All the Code of the series can be found at the Github repository:
https://github.com/drifter1/compiler


Introduction

    Hello it's a me again @drifter1! Today we continue with my Compiler Series, a series where we implement a complete compiler for a simple C-like language by using the C-tools Flex and Bison. In this article we will check if the types of the expression and identifier in an assignment statement are compatible with each other or not. Furthermore, we will also simplify some rules and tweak other things. One of those things is a "sneak-peak" of the next articles :)
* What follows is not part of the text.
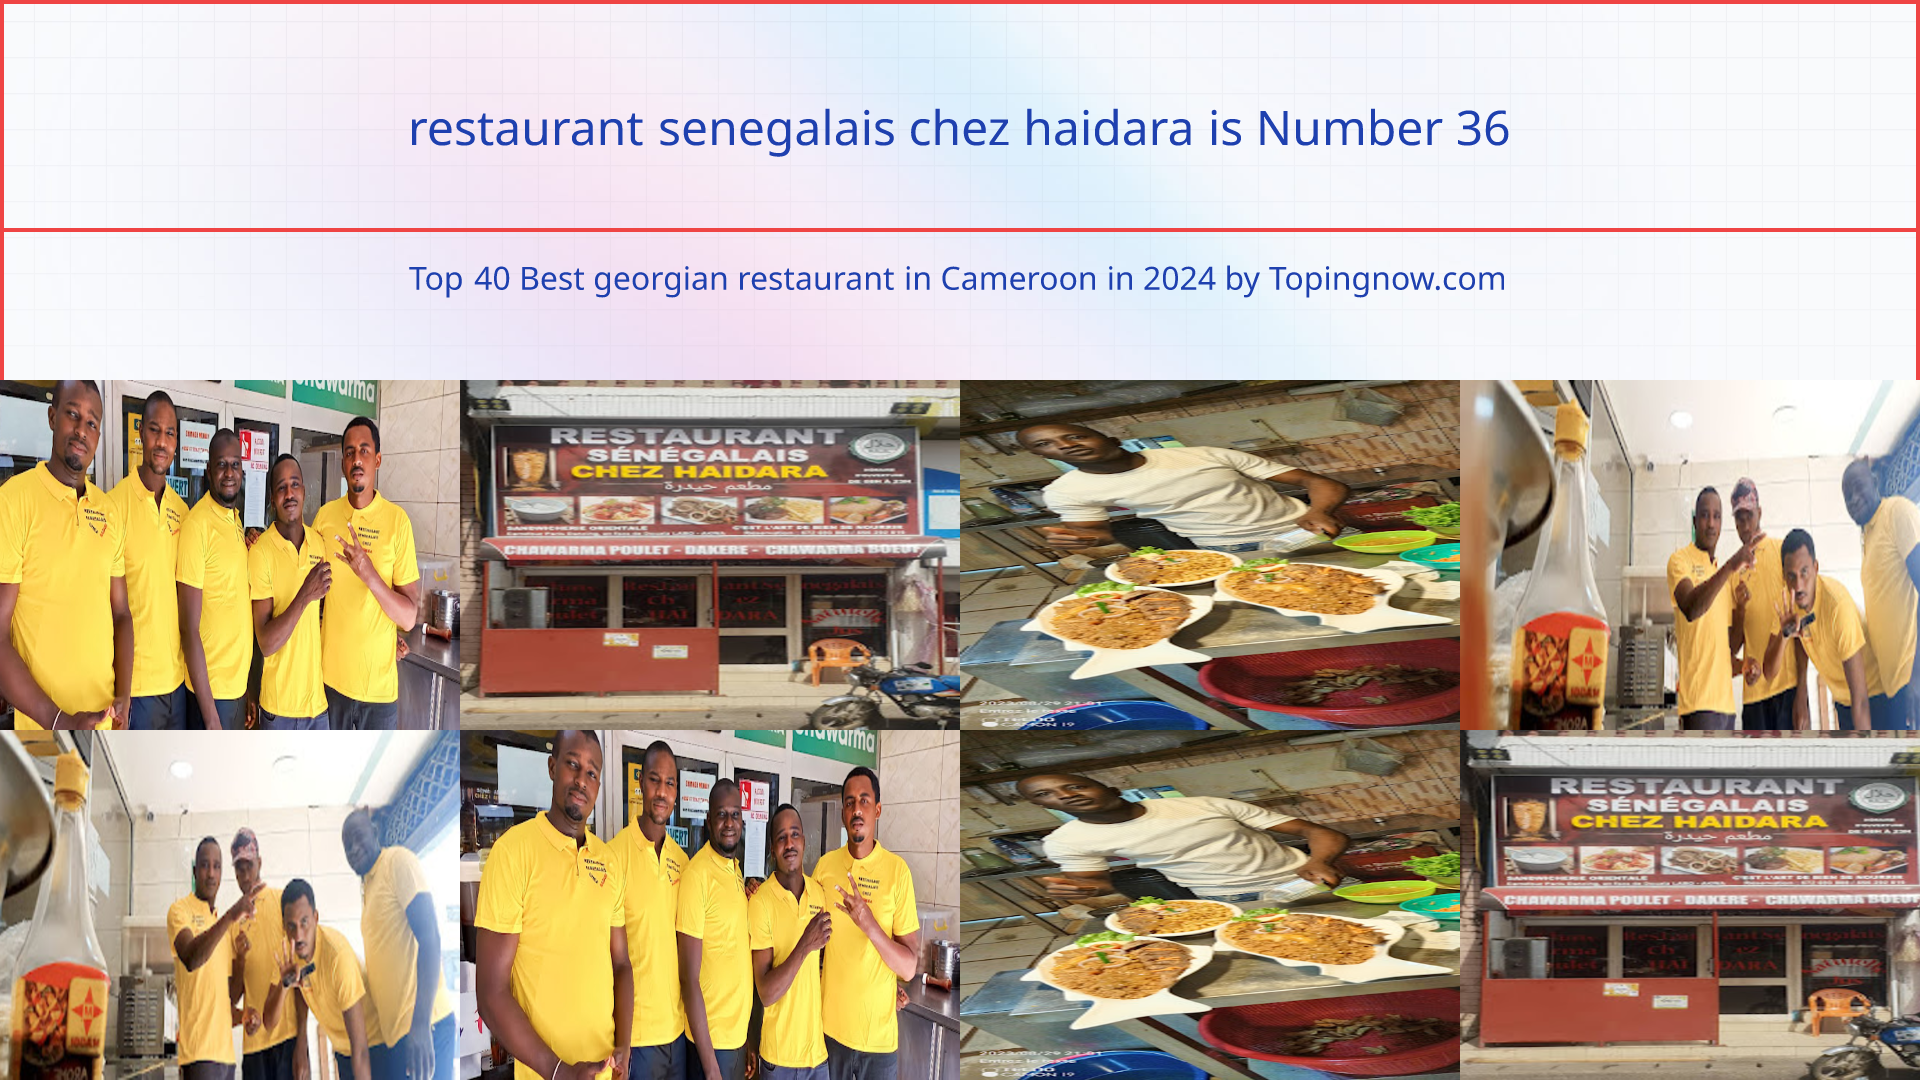 restaurant senegalais chez haidara: Top 40 Best georgian restaurant in Cameroon in 2024

The topics that we will cover today are:

  1. Simplify pointer and array rules
  2. Advanced type error message
  3. Assignment type check
  4. Some stuff around parameters

Requirements:

    Actually you need to read and understand all the topics that I covered in the series as a whole, as these articles will give you access to knowledge about:
  • What Compiler Design is (mainly the steps)
  • For which exact Language the Compiler is build for (Tokens and Grammar)
  • How to use Flex and Bison
  • How to implement a lexer and parser for the language using those tools
  • What the Symbol Table is and how we implement it
  • How we combine Flex and Bison together
  • How we can pass information from the Lexer to the Parser
  • How we define operator priorities, precedencies and associativity
  • What Semantic Analysis is (Attributes, SDT etc.)
  • How we do the so called "Scope Resolution"
  • How we declare types and check the type inter-compatibility for different cases, including function parameters
  • How we check function calls later on using a "Revisit queue", as function declarations mostly happen after functions get used (in our Language)
  • Intermediate Code Representations, including AST's
  • How we implement an AST (structure and management)
  • Action Rules for AST nodes and more

Difficulty:

Talking about the series in general this series can be rated:
  • Intermediate to Advanced
Today's topic(s) can be rated:
  • Medium
So, without further ado, let's now finally start with the actual Tutorial...

Actual Tutorial Content

Simplify pointer and array rules

    First of all, I would like to point out that I removed the DOT token (.) from the lexer, as it's not used right now. We might add it back later on, but right now it just gives us an "unused" warning. Also, the pointer and array rules from the grammar that we have right now, allow multiple pointers and multi-dimensional arrays. But, managing those in the symbol table structure and generating Assembly code is not that easily. So, to make the whole process easier for you to understand, and most importantly easier to code, I will only allow single-pointers and one-dimensional arrays. This means that the rules for them change into:
pointer: MULOP ; /* for now only single pointers! */
array: /* for now only one-dimensional arrays */ LBRACK expression RBRACK /* can only be used in expressions */ { // if declaration then error! if(declare == 1){ fprintf(stderr, "Array declaration at %d contains expression!\n", lineno); exit(1); } } | LBRACK ICONST RBRACK { // set array_size for declaration purposes $$ = $2.ival; } ;

    That way the actual structure that we have for storing such information (symbol table entry) makes much more sense now! We could also add new entries for such things, but why make things so complicated from the beginning? We can always add such behavior later on...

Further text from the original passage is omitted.